I mention all of this because I have begun recently to resolve my love-hate feelings about Amos with the help of a book she co-authored with (good) rock journalist Ann Powers. The tome is titled Tori Amos: Piece by Piece, and it is an extraordinarily intimate gaze at her life as an artist, as a person, and as a personality. I once thought Tori's muse had been lost once she stopped singing about breakups and miscarriages, and that the sonic reimagination of her composition and production styles that took place with from the choirgirl hotel was mostly a result of the new studio she'd built for herself and her fascination with the accompanying bells and whistles. How astonishing to discover that even I, who have invested thousands of dollars in her music and have been a diligent listener for ten years, could have so misjudged her motives.
We expect very little from pop musicians: they sing chiefly about love or the lack of love, they craft memorable and unchallenging tunes which are arranged and produced in pretty much standard format, they tour around the country every summer and perform these same songs for us live, and they consent to be interviewed for publications like Rolling Stone, where they expound on their own songwriting and "artistic" abilities, arguing that they are the exception to the mass-marketing rule, making us feel better about not only purchasing, but enjoying, their music.
Tori Amos expects a lot more from us. Yes, her lyrics can seem almost nonsensical. Yes, she talks about mysticism and New Age-y topics that can make some of us uncomfortable. But she's been playing the piano now for about forty years, and has been composing for let's say thirty-five, so she is the ultimate rarity in pop music--an actual musician--and the complexity of both her writing and producing reflect as much. So what's really happening with Tori is that she's working as an artist in the altruistic sense--rather than playing down to our expectations, she's talking about what she wants to talk about, saying it how she wants to say it, and we can all de damned if it seems out there or unapproachable. She knows her audience, and knows her commercial limitations, so she doesn't care about her marketability. Besides, the fact that she's not as easy to listen to as, say, Sarah McLachlan (Tori's less talented, safer doppelganger) doesn't keep her from selling out Radio City for three nights, as she happily points out in the book.
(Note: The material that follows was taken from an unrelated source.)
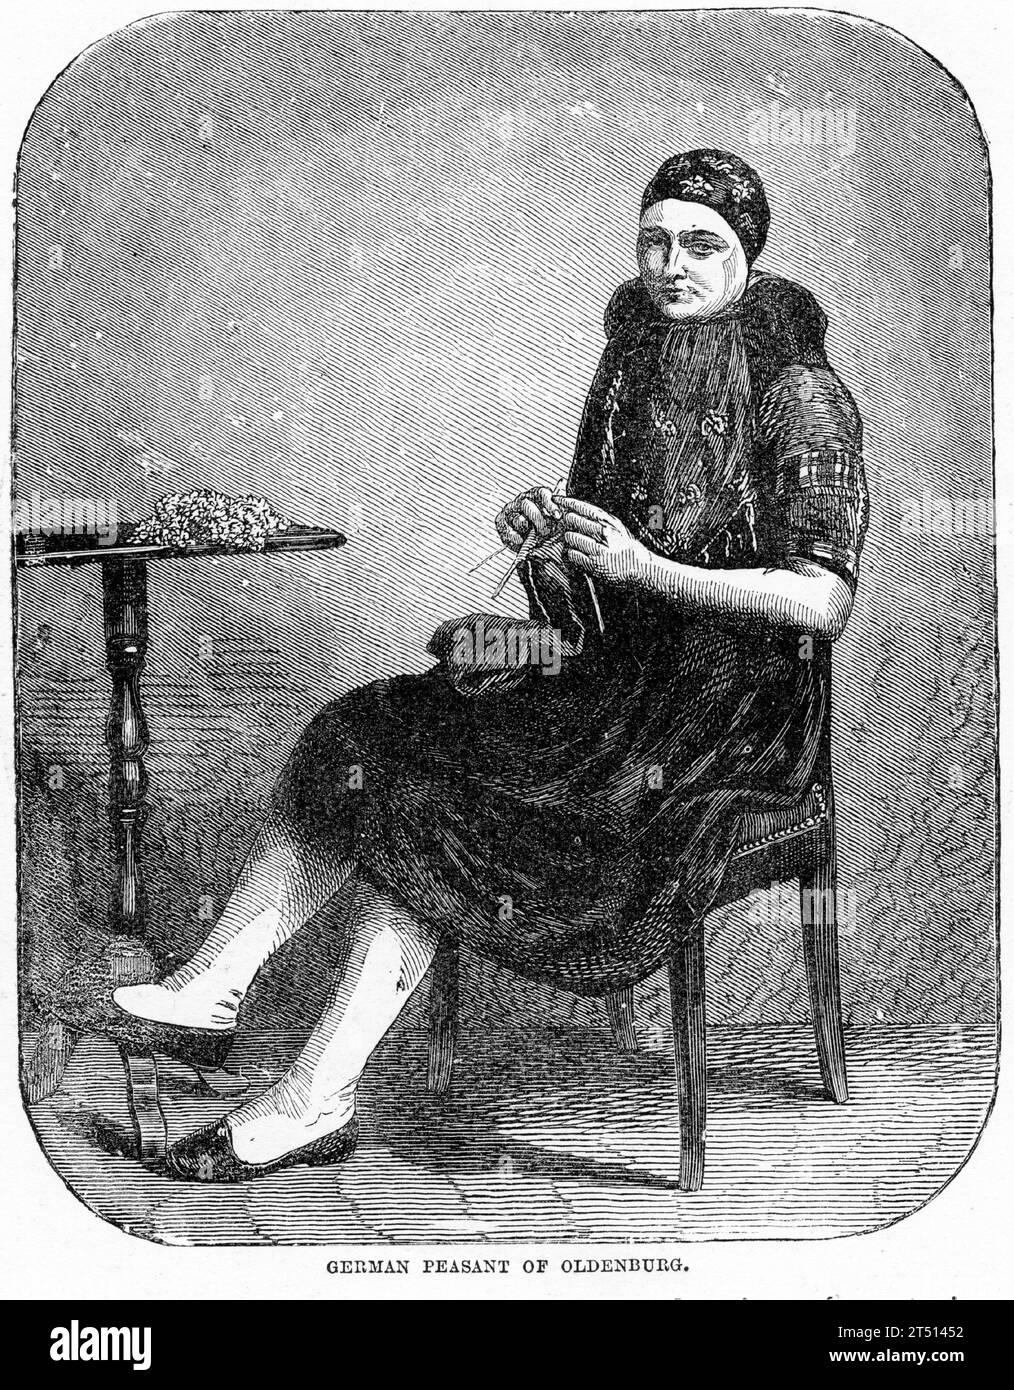 Ritratto inciso di una contadina tedesca di Oldenburg che lavora a maglia su una sedia. Pubblicato intorno al 1887 Foto Stock

Tori's newest album, The Beekeeper, will be released February 22. I am eagerly looking forward to it, and dreading it slightly, since the last few albums have been a little disappointing. But I'm grateful for Piece by Piece -- and I encourage both her fans and those who find her interminably annoying to read it--because whatever I think of the record, I'll at least have a little more insight into why she's done what she's done. I'm holding out, though, for one more agonized piano ballad to listen to, alone in the dark with my Tori-style pain.